Laws of 1875, § 4, at 4.
¶12 Based on both the plain language of the statute and the larger history of the doctrine, we reversed a wrongful death verdict against a defendant homeowner who shot a police officer, believing he was a prowler. Welch v. Creech, 88 Wash. 429, 437, 153 P. 355 (1915). We found the instructions given in that case permitted the jury to return a plaintiff’s verdict even if it found the defendant acted in self-defense. Id. at 444. But since killing in self-defense is not wrongful, if the defendant had acted in self-defense, no recovery under the wrongful death act was available. Id. at 435 (citing N. Pac. Ry. Co. v. Adams, 192 U.S. 440, 24 S. Ct. 408, 48 L. Ed. 513 (1904)). We remanded for retrial with proper instructions. Id. at 444. We reached similar holdings in cases where the deceased was killed while attempting to bomb a competitor’s business and where the deceased was killed during an illegal prize fight. Ryan v. Poole, 182 Wash. 532, 533, 538-39, 47 P.2d 981 (1935); Hart v. Geysel, 159 Wash. 632, 634, 294 P. 570 (1930). In all of these cases, no *724recovery under the wrongful death act was available because the deceased was not killed by an act the law (at least at the time) categorized as wrongful. In other words, the decedent would not have had a cause of action for the injuries had no death occurred and so neither do the survivors.
¶13 Meanwhile, we took a substantial step toward limiting our wrongful death statute in line with the limitations in Lord Campbell’s Act in Brodie v. Washington Water Power Co., 92 Wash. 574, 576-77, 159 P. 791 (1916). There, we held “that a release and satisfaction by the person injured of his right of action for the injury bars the right in the beneficiaries to maintain an action for his death occasioned by the injury.” Id. at 576 (citing Tiffany, supra, § 124, at 269-76). Since Brodie had settled the underlying personal injury case during his life for $2,500 in return for a release of all claims, the court dismissed the wrongful death suit. Id. at 575-76; accord N. Pac. Ry. Co., 192 U.S. at 450 (holding negligence waiver bound heirs even if their cause of action had not yet accrued).
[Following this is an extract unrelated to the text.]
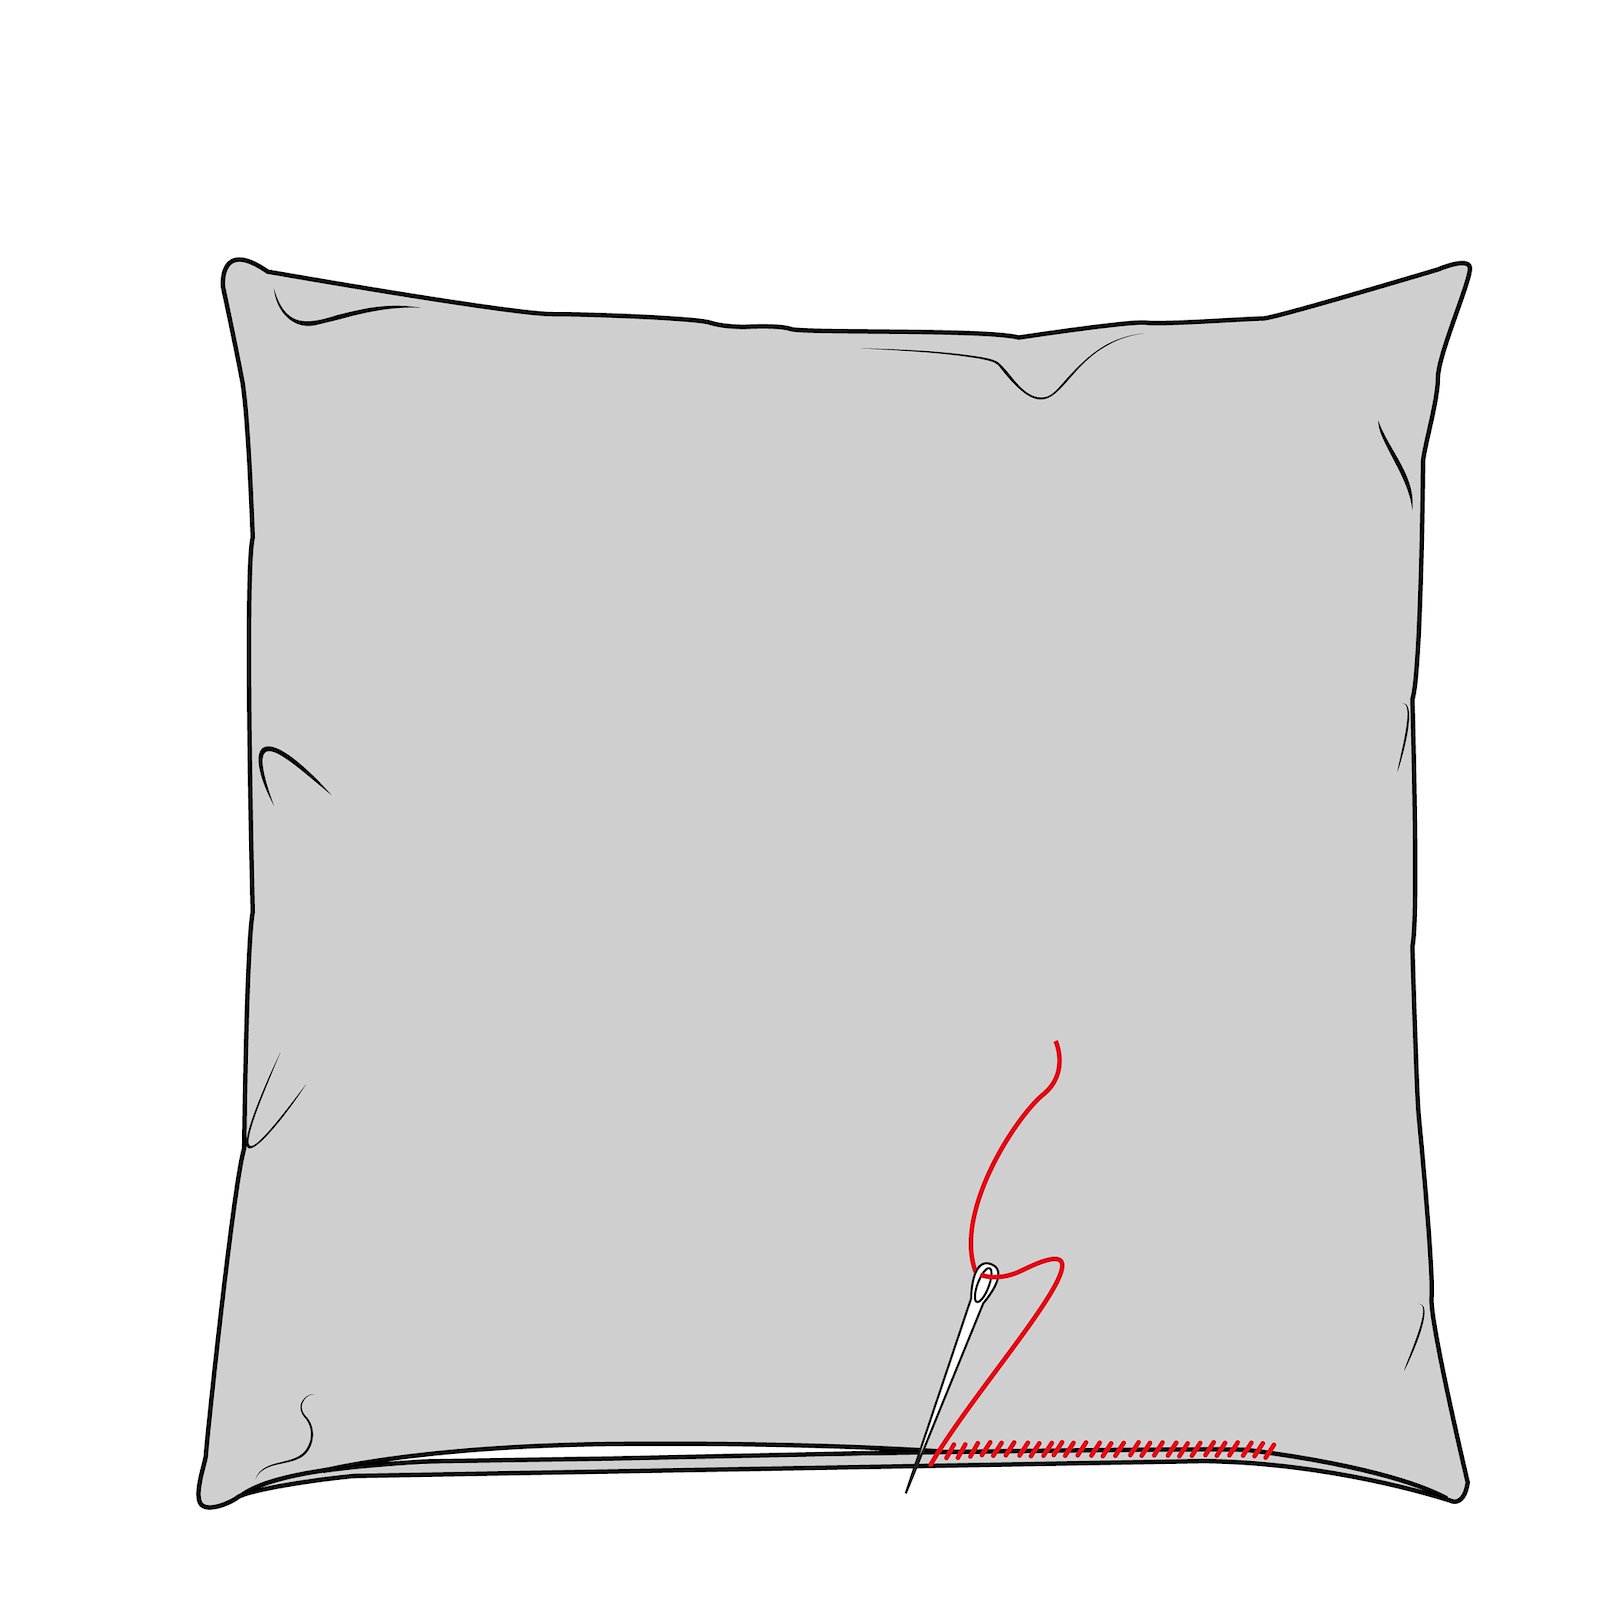 Sewing pattern: Cushion Cover DIY8038-step4.jpg

Thus, in Brodie, the heirs could not pursue a wrongful death action because of something extrinsic to injury that resulted in their family member’s death: the deceased’s decision to release the defendant and thus the lack of a subsisting cause of action at the time of death.
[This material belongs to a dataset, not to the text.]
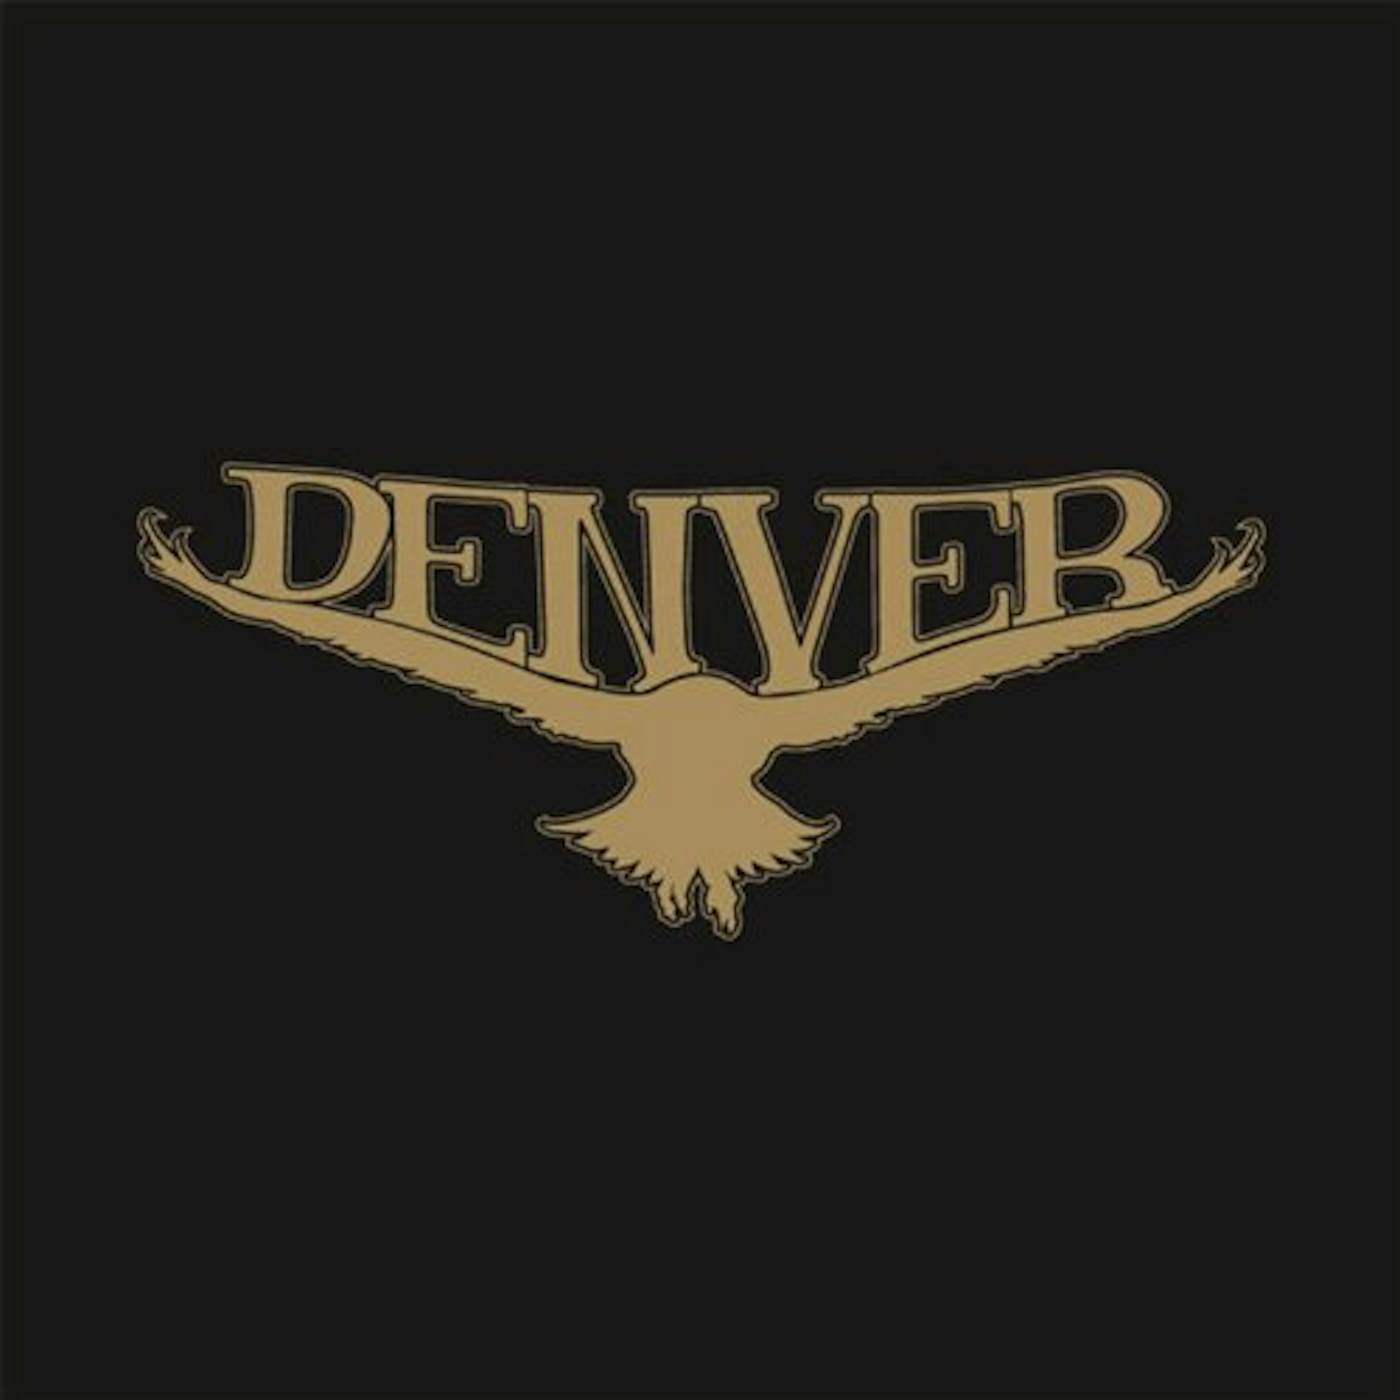 Denver Vinyl Record

¶14 In the 1930s, we come to the cases that are argued most strenuously here, Calhoun, 170 Wash. 152, and Grant, 181 Wash. 576. In those cases, we went beyond the substantive statutory limitations on the availability of the wrongful death statute recognized in Welch, 88 Wash. 429 (that the death was not the result of a wrongful act), to a generally procedural, extrinsic limitation: the statute of limitations on the deceased’s underlying cause of action. In 1932, we concluded fairly summarily that a wrongful death action was not available if the statute of limitations on the underlying injury had run before the decedent died. Calhoun, 170 Wash. at 159-60 (citing Horner v. Pierce County, 111 Wash. 386, 191 P. 396 (1920)). We elaborated and refined our Calhoun reasoning in Grant, 181 Wash. 576. We observed that the wrongful death “action accrues at the *725time of death, and that the statute of limitations then begins to two.” Id. at 580-81 (citing Dodson, 159 Wash. 589). But we noted that “[t] he rule ... is subject to a well recognized limitation, namely, at the time of death there must be a subsisting cause of action in the deceased.” Id. at 581 (citing Tiffany, supra, § 124).
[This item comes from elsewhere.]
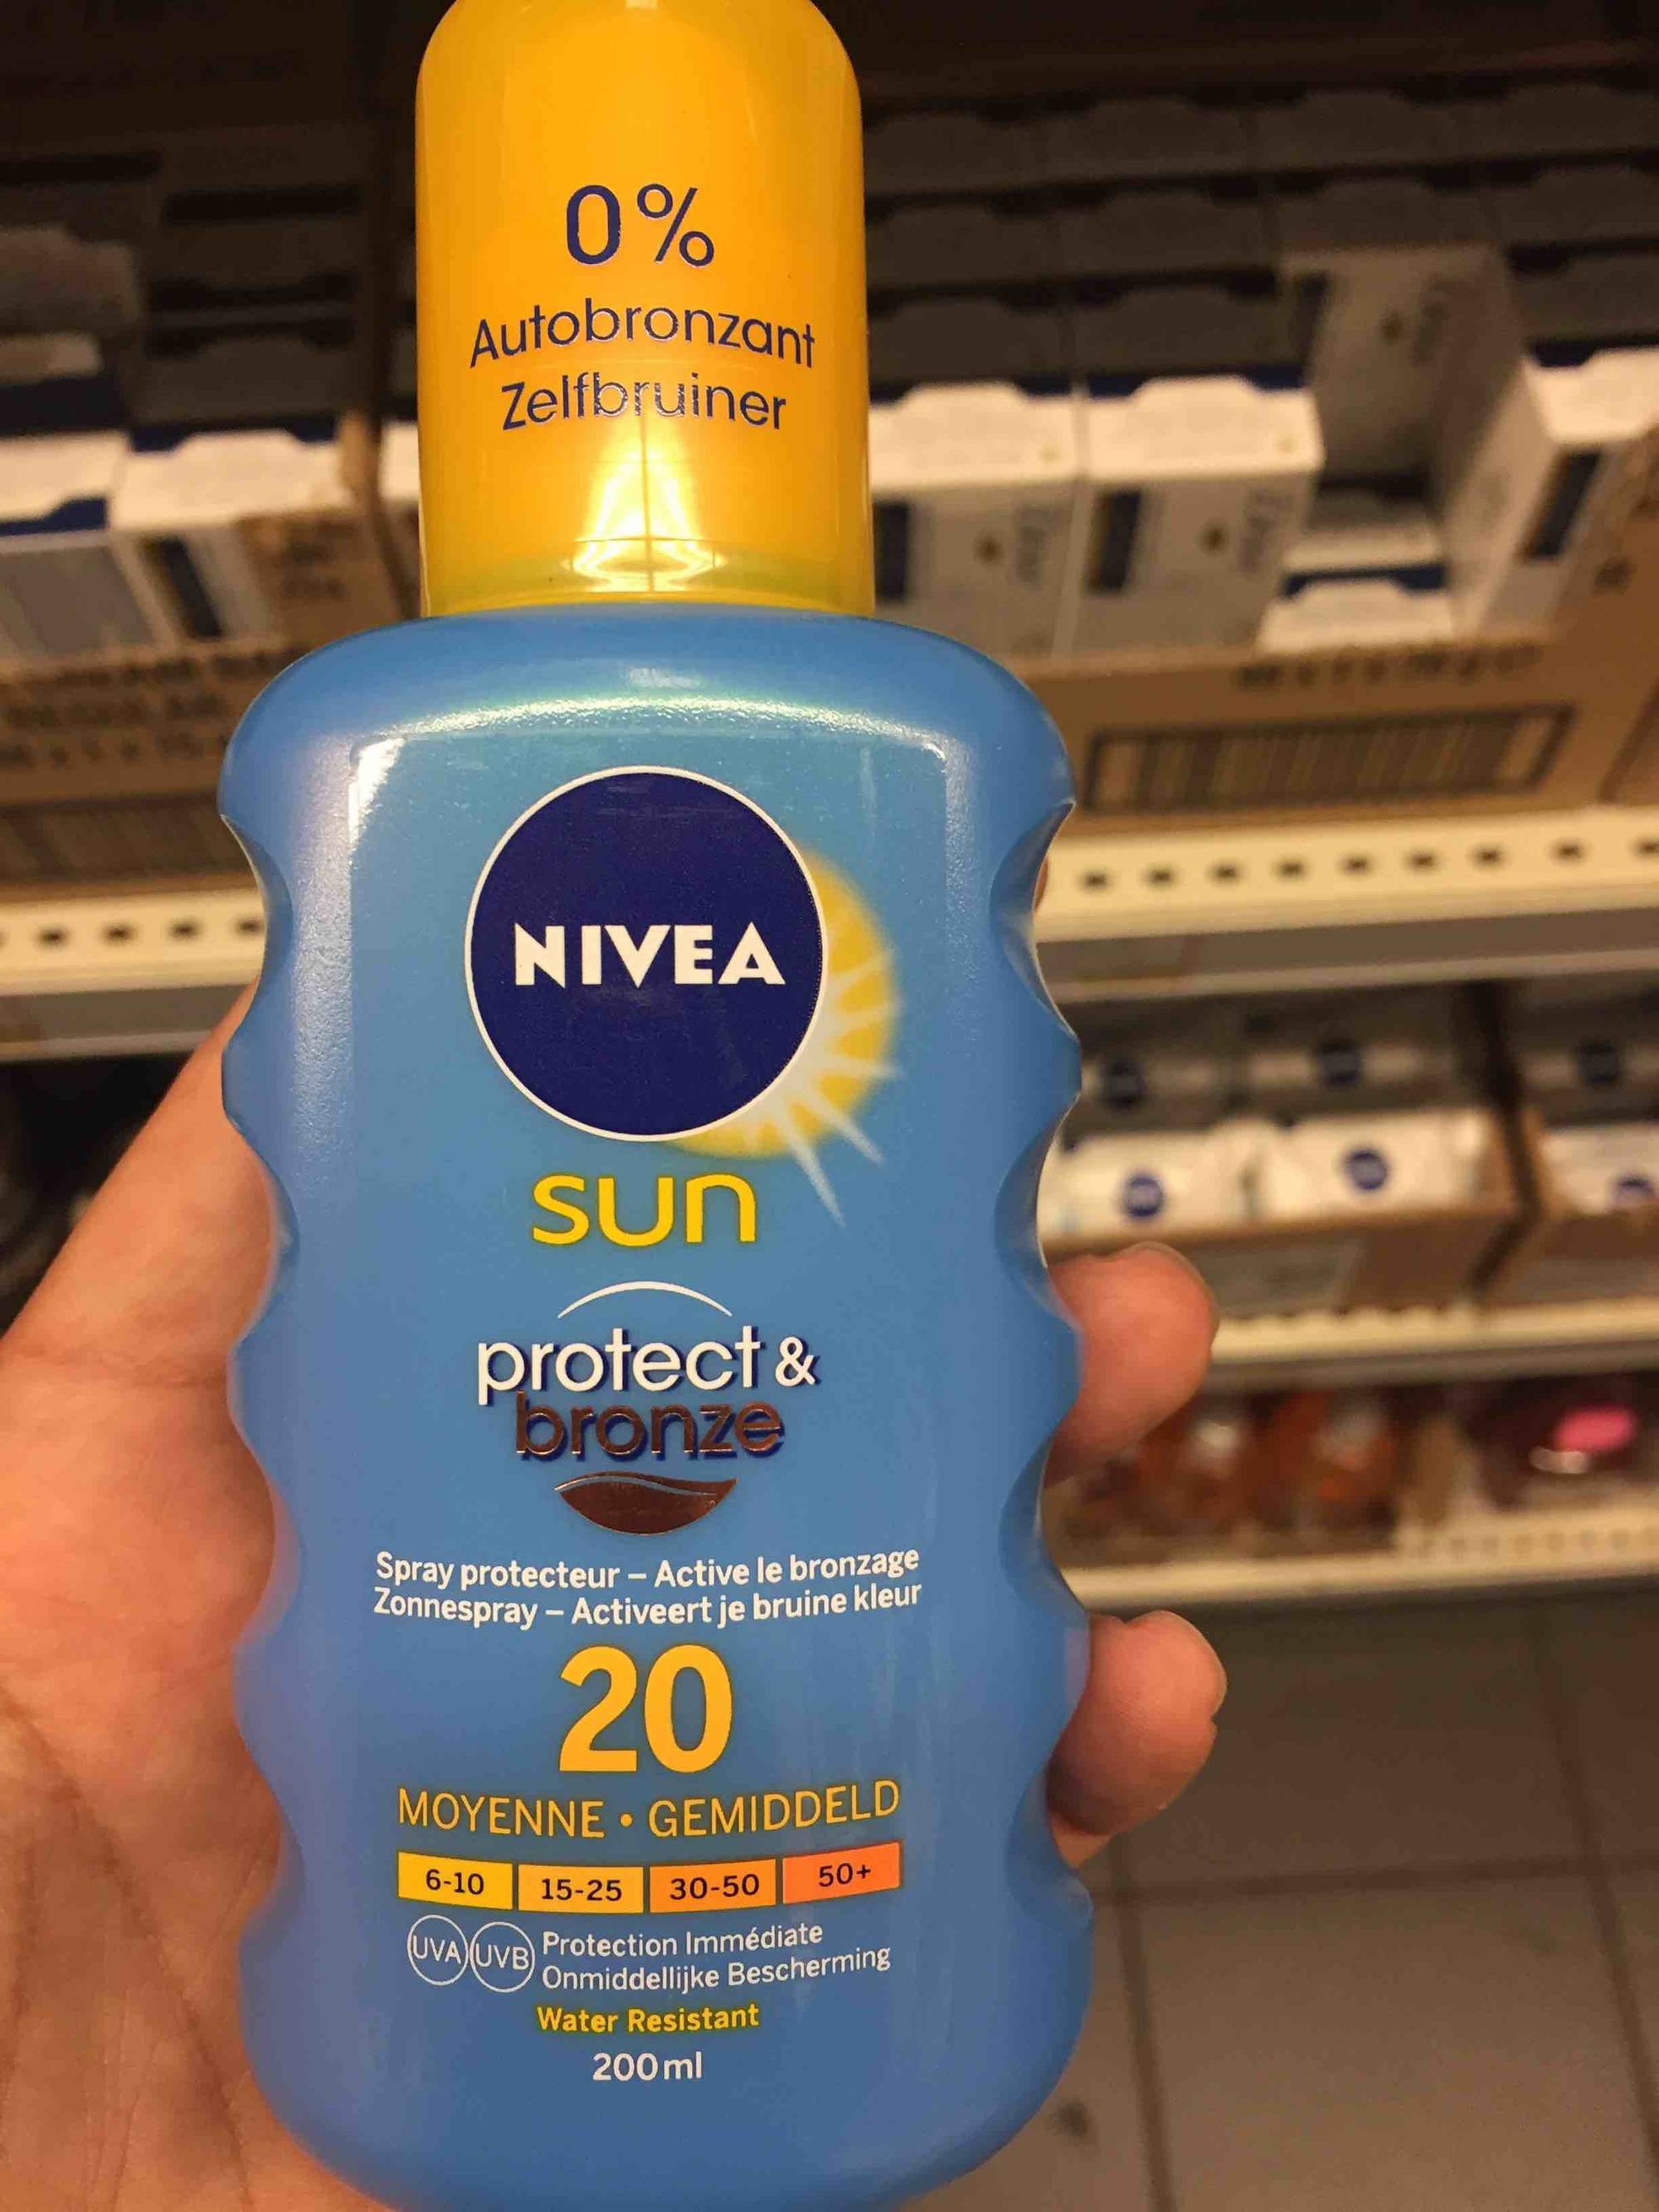 NIVEA - Sun protect & bronze - Spray protecteur 20 moyenne

¶15 In Grant, the decedent had filed a timely personal injury action for his injuries. Id. at 582. That suit was pending at the time of his death. Id. Based on that pending lawsuit, we concluded that Grant did have “a valid subsisting cause of action” at the time of his death and allowed the wrongful death suit to go forward. Id.
¶16 We recognized a significant exception to the Calhoun/Grant rule in Johnson, 45 Wn.2d 419.4 Johnson was a wrongful death action filed by the personal representative of Anna Ottomeier, who was murdered by her husband who then killed himself. Id. at 420. At the time, either in the interests of marital tranquility or under the legal fiction that husband and wife were one, Washington common law did not allow spouses to sue each other in tort. Id. at 424. Since Anna Ottomeier could not have sued her husband for assaulting her, his personal representative argued, there was no “subsisting cause of action in the deceased” as required by Grant after her murder. Grant, 181 Wash. at 580-81; Johnson, 45 Wn.2d at 424.5 While acknowledging Grant and Calhoun, we allowed the wrongful death case to go forward. Johnson, 45 Wn.2d at 420, 423. Examining our own precedents, we found that there were two categories of wrongful death suits that had been dismissed based on the status or conduct of the deceased, and that the reasoning underlying neither category justified dismissing Johnson’s *726suit, especially as there was no marital tranquility left to maintain. Id. at 424, 427.
¶17 In the first category were “cases in which the defense asserted inhered in the tort itself,” such as claims that the defendant’s act was not wrongful, claims of consent, and claims of contributory negligence. Id. at 422. The court concluded that no recovery under the wrongful death action was available in such cases because “the tort-feasor breached no duty owing to the decedent. . . [and thus the] death was not wrongful in the contemplation of the statute.” Id.; see also Ryan, 182 Wash. at 538-39 (not wrongful for defendant to kill a man who was attempting to dynamite a building); Welch, 88 Wash. at 436-37 (self-defense is not wrongful). The Johnson court concluded that the victim’s “disability to sue is personal to her, and does not inhere in the tort itself.” 45 Wn.2d at 424 (citing Deposit Guar. Bank & Tr. Co. v. Nelson, 212 Miss. 335, 54 So. 2d 476 (1951), overruled by Burns v. Burns, 518 So. 2d 1205, 1207 (Miss. 1988)); see also Ostheller v. Spokane & Inland Empire R.R. Co., 107 Wash. 678, 685, 182 P. 630 (1919). None of the parties argue that category is present here.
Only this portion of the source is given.